When I first picked up this book, I thought it would be more about the social implications of the expression "happy in our skin" from its ethnically-diverse cover, but it is more about skin, the organ, what it is and its features. The social side runs concurrently with a cast of happily interacting families, "cocoa brown, cinnamon and honey gold".


The illustration keeps this in focus while ably illuminating the other aspects the text covers. As well as being consistently inclusive, the tone is celebratory, which is a fine way of handling this subject for its audience. I like the book, it successfully describes its point on each page, but I think more might have been made of it with a more fluent text and a better sense of the physical properties of skin in the illustration - the warmth, the translucency and so on.



What the Ladybird Heard Next by Julia Donaldson and Lydia Monks (Macmillan Children's Books)

Julia Donaldson is not only a prolific and well-respected children's author, but she has created several picture book universes in combination with illustrators like Axel Scheffler and Lydia Monks that have captured the public imagination.
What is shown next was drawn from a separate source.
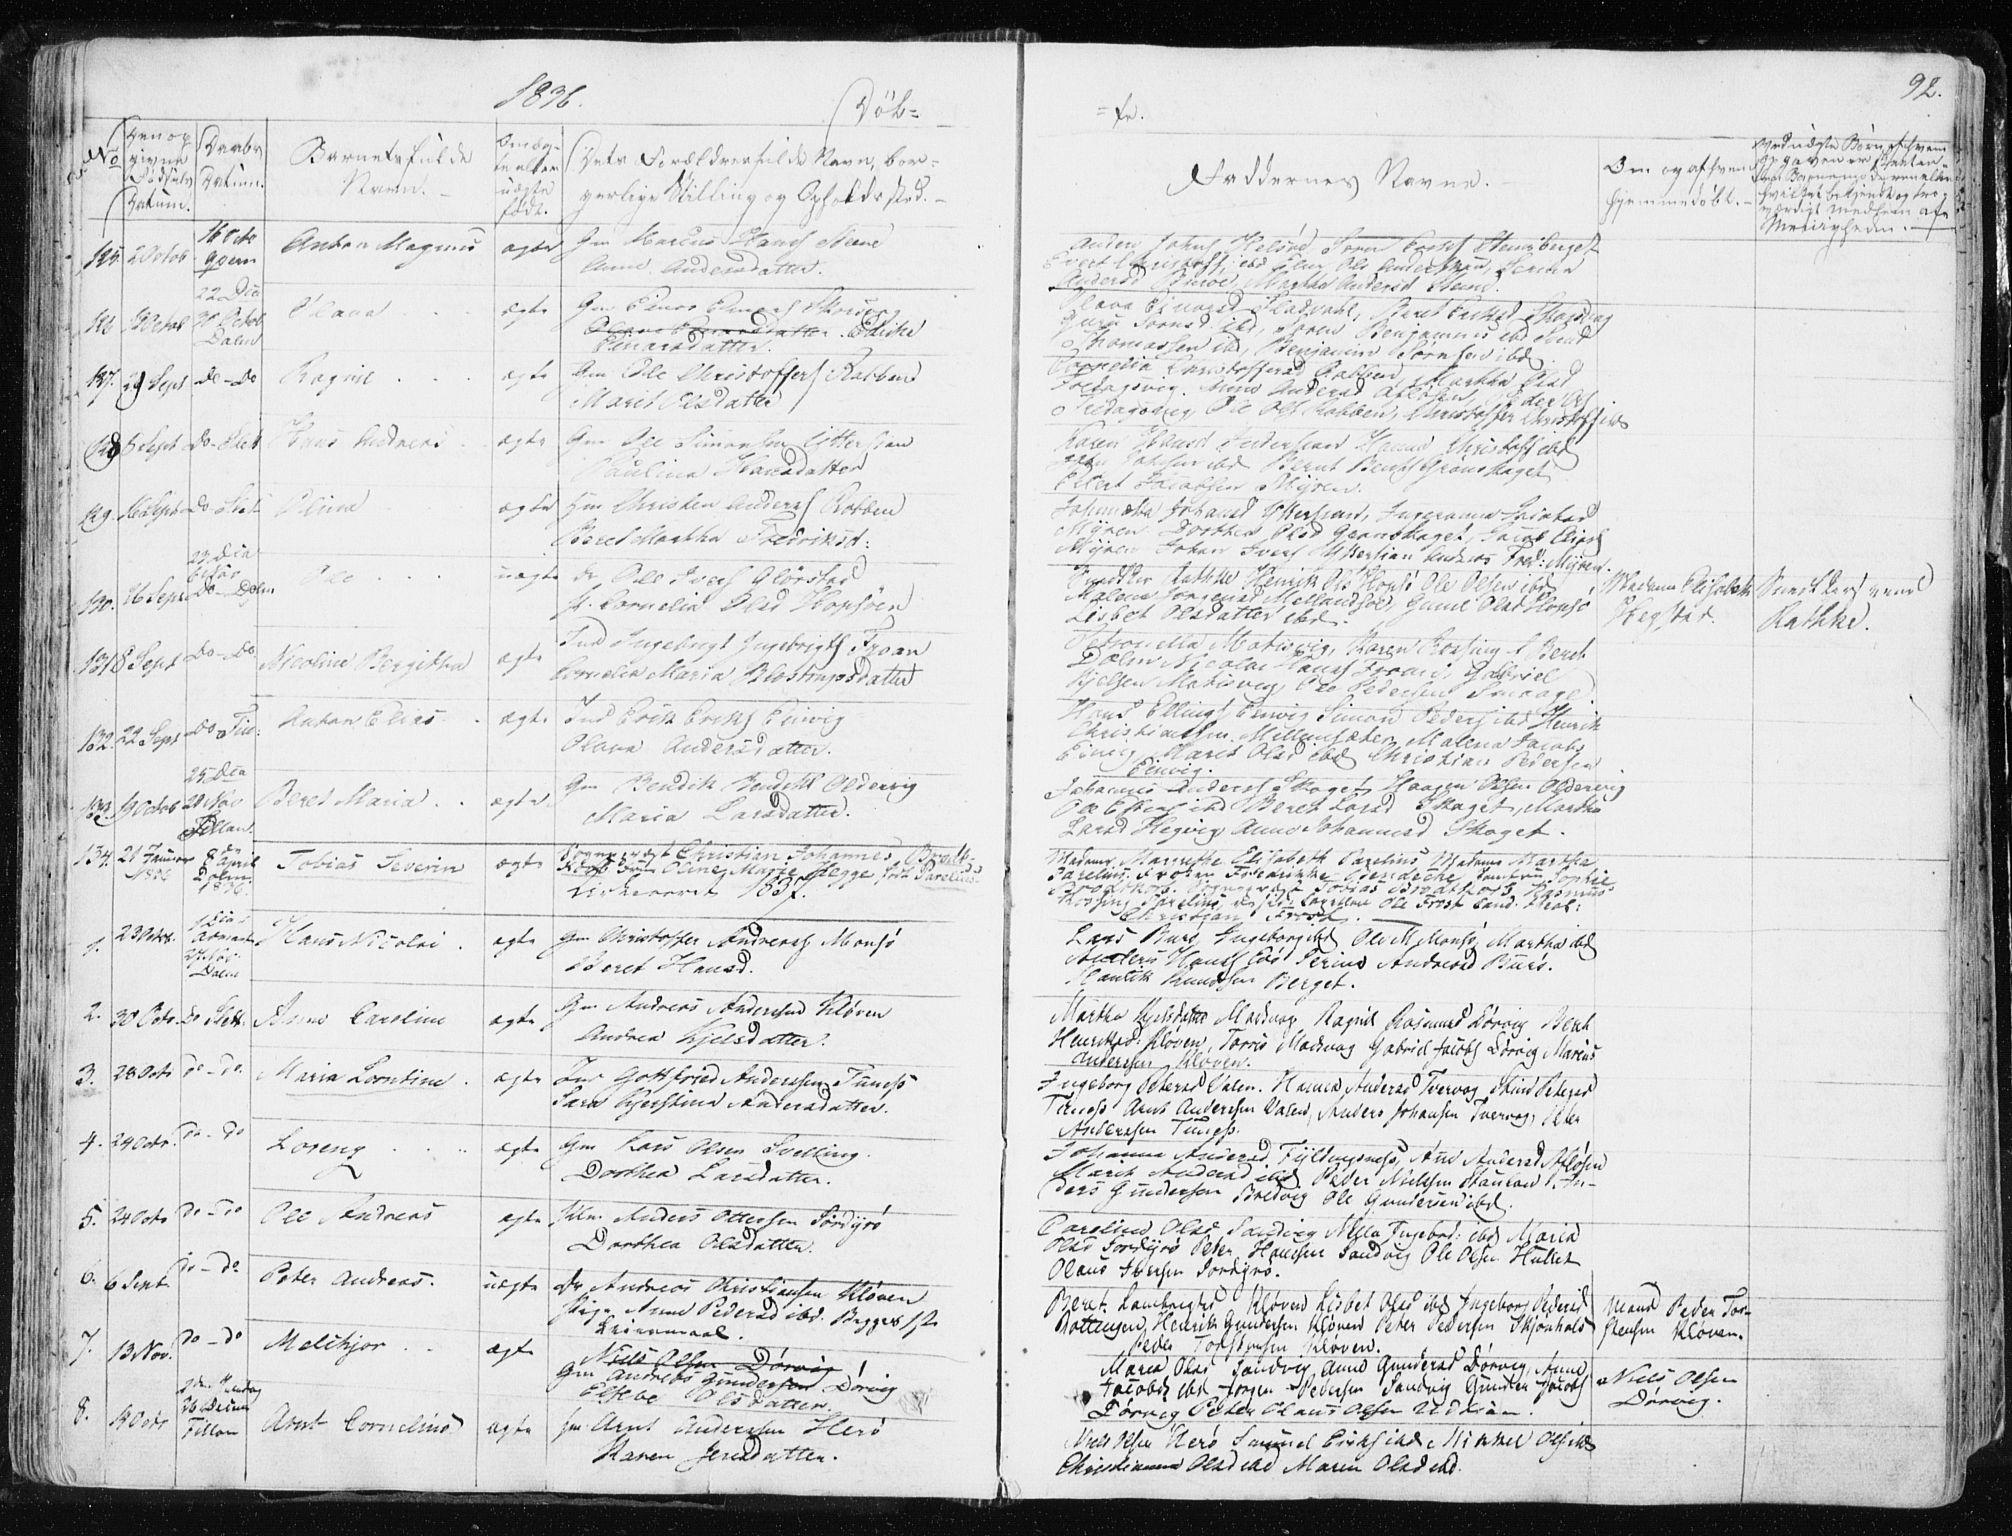 SAT, Ministerialprotokoller, klokkerbøker og fødselsregistre - Sør-Trøndelag, 634/L0528: Ministerialbok nr. 634A04, 1827-1842, s. 92

What the Ladybird Heard, while not as well-known as The Gruffalo, for example, is one such title and has received a sequel this year.


What the Ladybird Heard Next is, in essence, more of the same. Unfortunately, in trying to retain all the elements of the original but offer a nominally different story, it compromises itself. The original is a fine picture book, looking very simple while being carefully structured and sufficiently nuanced to offer multiple pleasures. Elements imported to the sequel, such as the roll-call of animal noises, don't carry the same meaning to this story as they do to the original, and so seem to appear only for the sake that they are expected. Hefty Hugh and Lanky Len are once again the antagonists of the story, and it's very disappointing that not only has their criminal ambition diminished, the nature of their defeat doesn't really pertain to the structure of the whole. The book is still plenty of fun, Donaldson and Monks have more than enough wit and skill to ensure that, and the young audience who have enjoyed What the Ladybird Heard will enjoy this too.

It is well worth mentioning here that the edition I have - the hardback - is daubed with glitter throughout, which serves no narrative purpose that I can divine. Yes, you will find plenty of glittery animal markings, a glittery tractor and glittery poo within. It is, like the book itself, unnecessary but diverting.


 
Klek by Kenn Clarke

A glorious anomaly on my library service's catalogue, Klek is a mythological fantasy book that Kenn Clarke (not that one [or, heaven help us, that one]) has self-published. He appears to be a graphic designer who has produced this as a means of self-expression. I always admire that position, whatever the result, and I think in contrast to something like What the Ladybird Heard Next, around which there is a large publisher, large audience and all sorts of commercial entanglements, a labour of love from one person like this exists in an entirely different context.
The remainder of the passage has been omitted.